# Zocken am ..?



## SpeCnaZ (12. Juli 2014)

Hi,
habe gerade auf ner Seite das gefunden

Play tetris on a Tshirt - YouTube

ich frage mich ob man auch bald mit nem Schuh zocken wird


----------



## Ersy90 (12. Juli 2014)

Wird schwierig ohne Spiegel zu spielen...irgendwie sinnlos :-/


----------



## Noxxphox (12. Juli 2014)

sinnlos aber witzig 
damit biste der King auf der Straße ;D


----------



## polarwolf (12. Juli 2014)

bitte für frauen und die kontrollknöpfe ein bisschen höher.


----------



## Noxxphox (12. Juli 2014)

haha isses dann ein nippelspiel?^^


----------



## informatrixx (12. Juli 2014)

Will ich haben *.*

Kommt bestimmt gut in der Disco oder im Club.

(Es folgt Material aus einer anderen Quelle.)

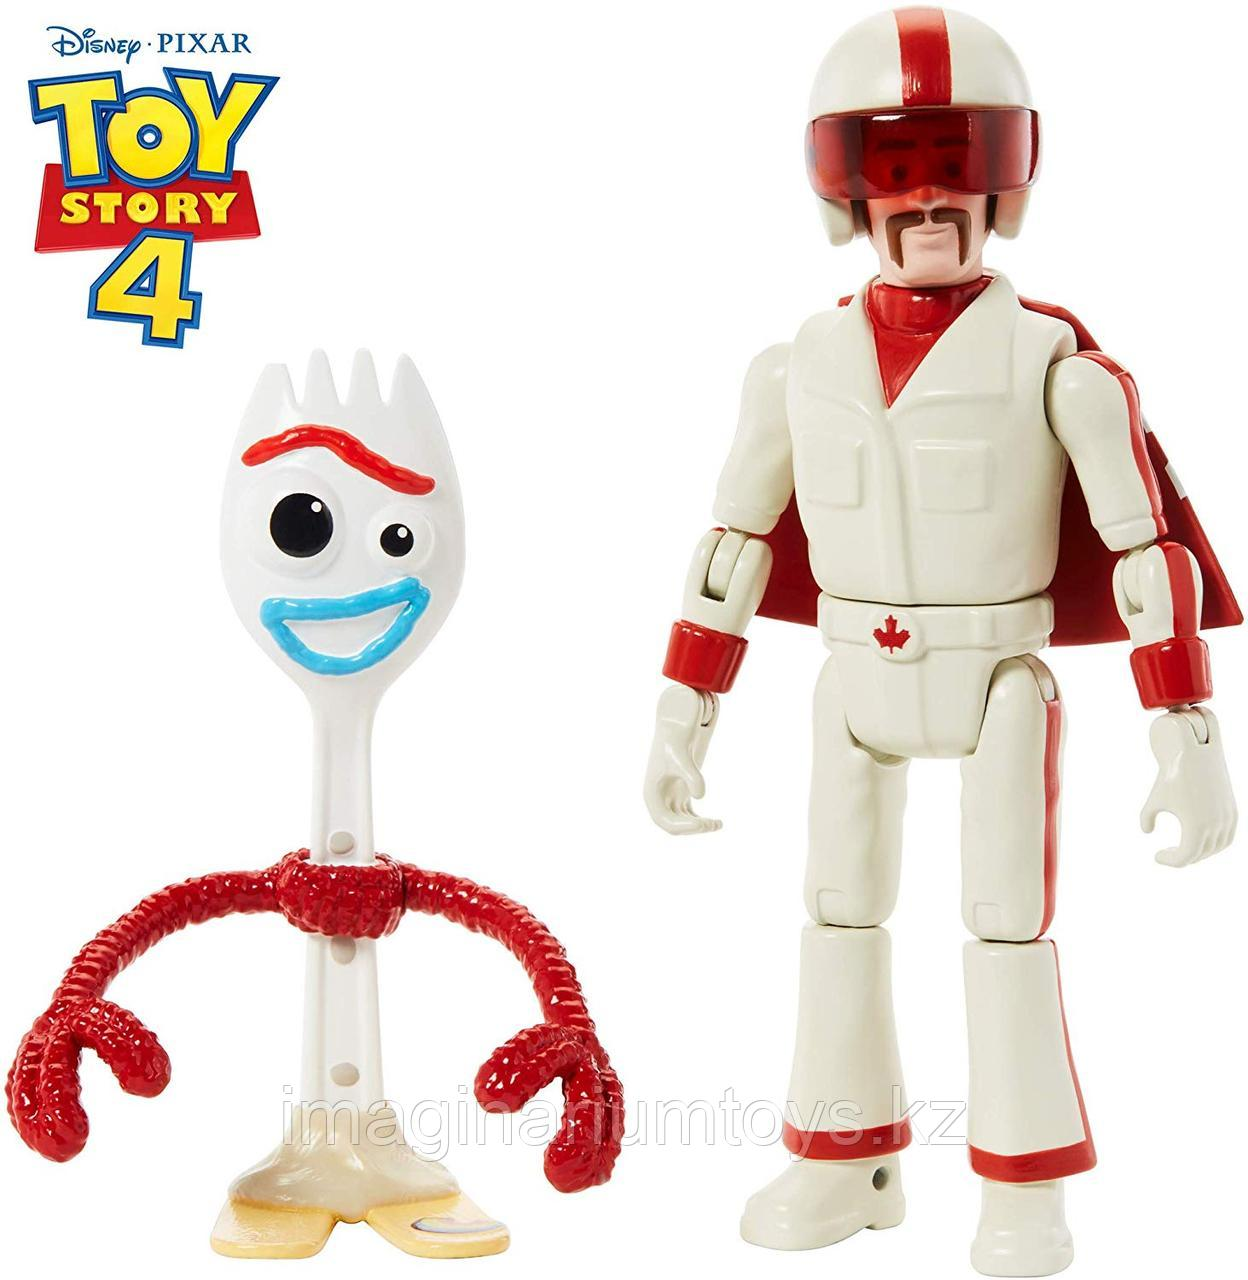 Игрушки из м/ф «История игрушек 4» Форки и Дьюк «Toy Story 4»

Beleuchtete Schnürsenkel habe ich ja schon


----------



## Noxxphox (12. Juli 2014)

woah auffälig wtf xD
thehe gibts das für männer auch mit joysticksteuerung


----------



## Aldrearic (13. Juli 2014)

Wow Geiles Shirt. Will nur noch den Preis davon wissen. Damit wäre man richtig auffällig XD
Auf solche Ideen muss man erstmal kommen.


----------



## Dr Bakterius (13. Juli 2014)

Und für den Batteriewechsel muss man sich bücken? Sorry ich finde so etwas einfach nur bescheuert


----------



## SpeCnaZ (13. Juli 2014)

Worde verschoben 

Ich finde das Ding einfach geil


----------



## Riddler_ (17. Juli 2014)

Find die Idee auch sehr witzig. Damit is man der King auf jeder Party 😄


----------